Replay-protection state does not need to be synchronized between gateway instances. Active sessions are in-memory only and naturally short-lived. When a replacement gateway comes online:

• Its active session table is empty.
• Nodes that were mid-session will time out and re-WAKE on their next cycle, creating new sessions on the replacement gateway.
• Previously captured traffic cannot be replayed because replayed WAKE messages trigger new sessions with different starting sequence numbers, and old post-WAKE messages carry the wrong sequence values.

All gateway instances in a failover group MUST serve identical programs for any given program hash. A node that receives a program with a hash that does not match the expected value will reject it and retry, cycling until it receives the correct bytes.

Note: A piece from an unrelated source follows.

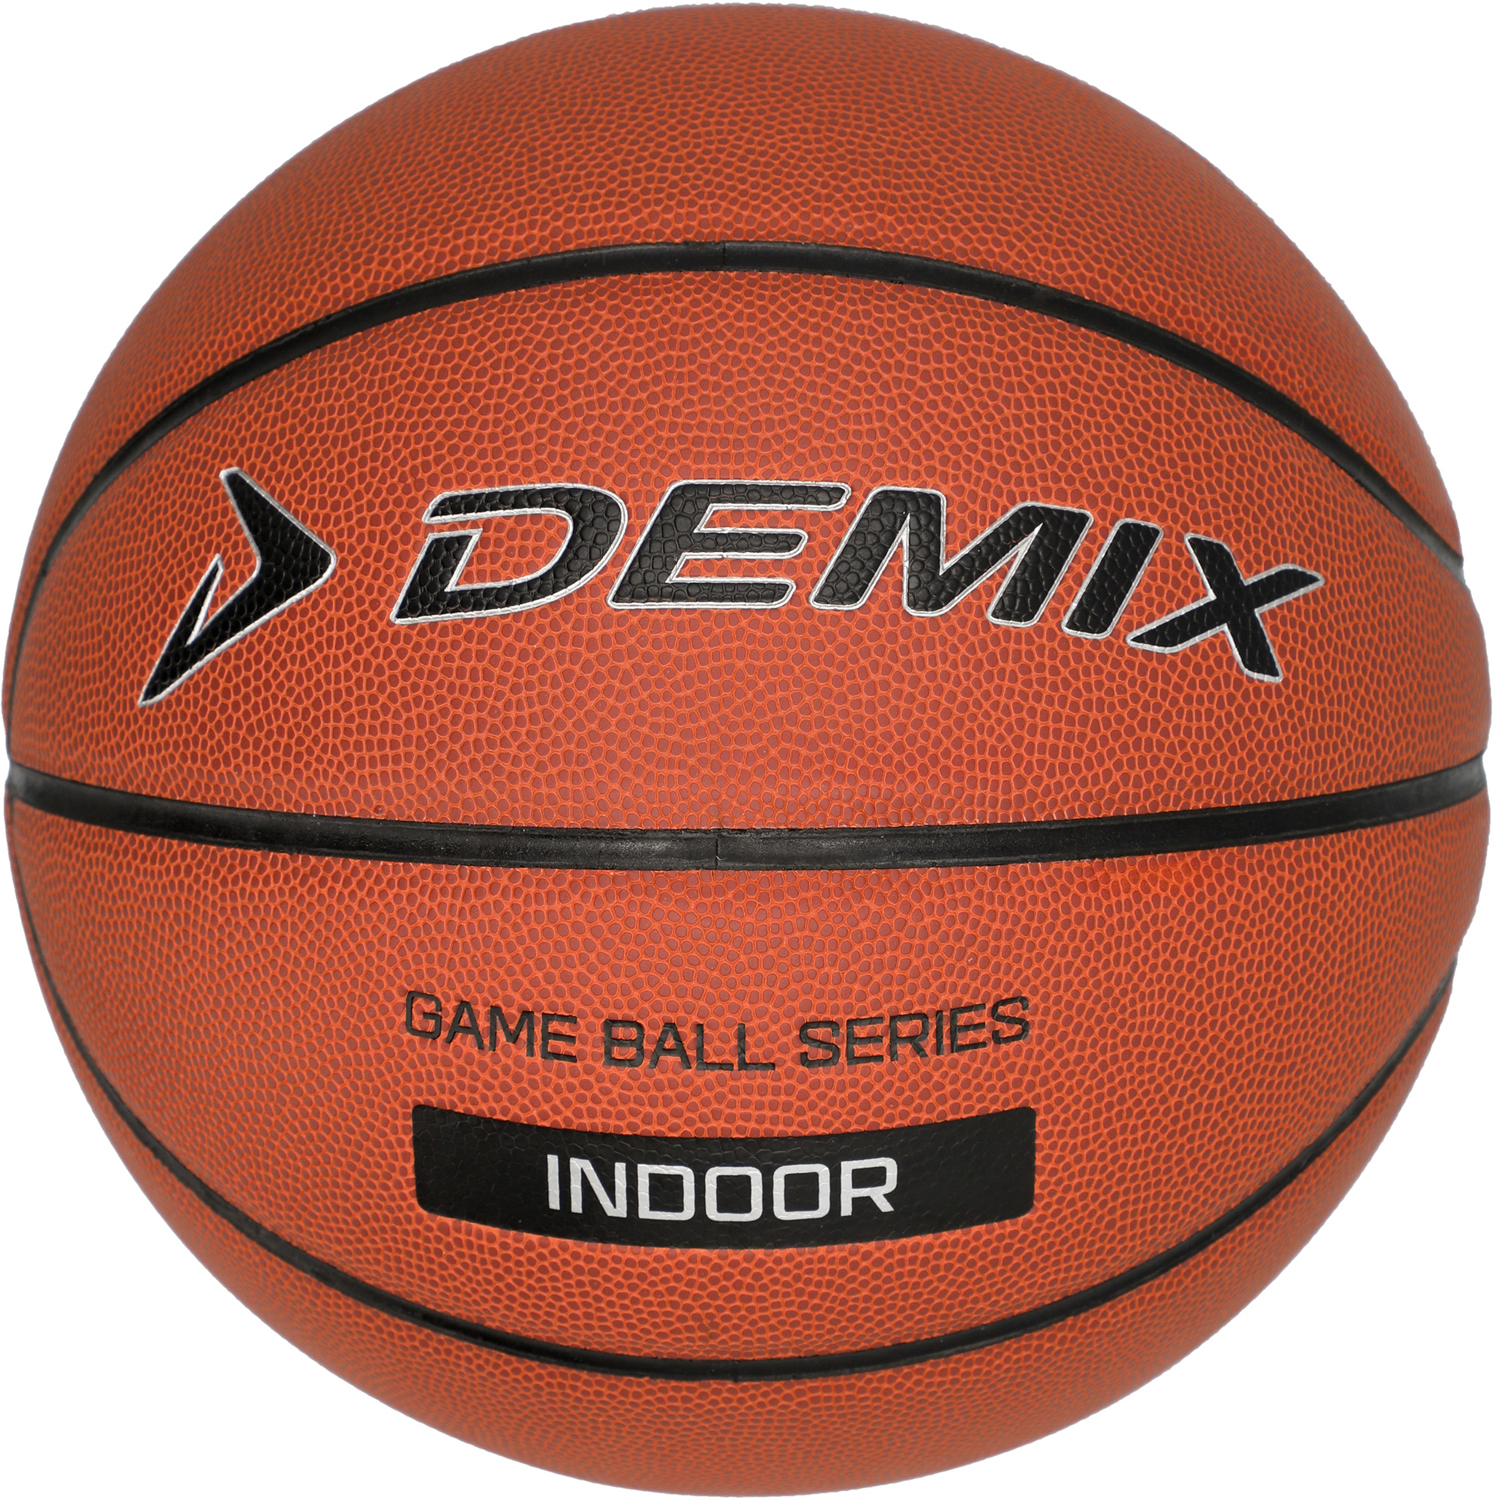 Баскетбольный мяч демикс

The security model makes deliberate tradeoffs between security and usability. This section documents the alternatives considered and the rationale for each choice.

Chosen: flash. The ability to factory-reset and re-pair nodes is more valuable in practice than hardware key isolation. Flash-based keys can be mitigated with secure boot (prevents unauthorized firmware from running) and flash encryption (prevents physical flash readout). eFuse storage remains a valid hardening option for deployments that do not require field re-provisioning.

Chosen: on-site pairing. Factory-set keys are the most secure option (provisioning happens in a controlled environment, keys never traverse a field channel), but on-site pairing enables simpler logistics: nodes ship as blank devices and are paired to the target gateway during installation. This is essential for deployments where the operator and the manufacturer are different parties, or where nodes may be redeployed across gateways.

Chosen: BLE.

BLE-mediated pairing via a phone app provides the best tradeoff between security and field usability. The phone acts as a delegated agent whose authority is revocable (phone PSK revocation). However, NODE_PROVISION transmits both the node_psk and the encrypted_payload over the BLE link, so a BLE MITM attacker who defeats Just Works pairing captures sufficient material to craft a valid PEER_REQUEST and race the legitimate node. This constitutes a node PSK compromise. The node_id uniqueness check and timestamp tolerance (±86400 s) limit replay but do not prevent a race. The primary mitigation is using a MITM-resistant BLE pairing method (Passkey Entry or Numeric Comparison). Just Works is acceptable for low-threat environments where physical proximity provides adequate assurance.

Note: USB-mediated pairing was originally considered for bench testing and development. It was removed because the ESP32 ROM retains UART resources in a way that prevents reliable serial communication during pairing — a hardware limitation that cannot be worked around in firmware. USB/UART remains available for firmware flashing and debug console output.

Direct ESP-NOW pairing (without BLE intermediary) was considered and rejected — it would require a secure key-agreement protocol over the untrusted radio, adding complexity and a new attack surface. The BLE intermediary isolates the key exchange from the operational radio channel.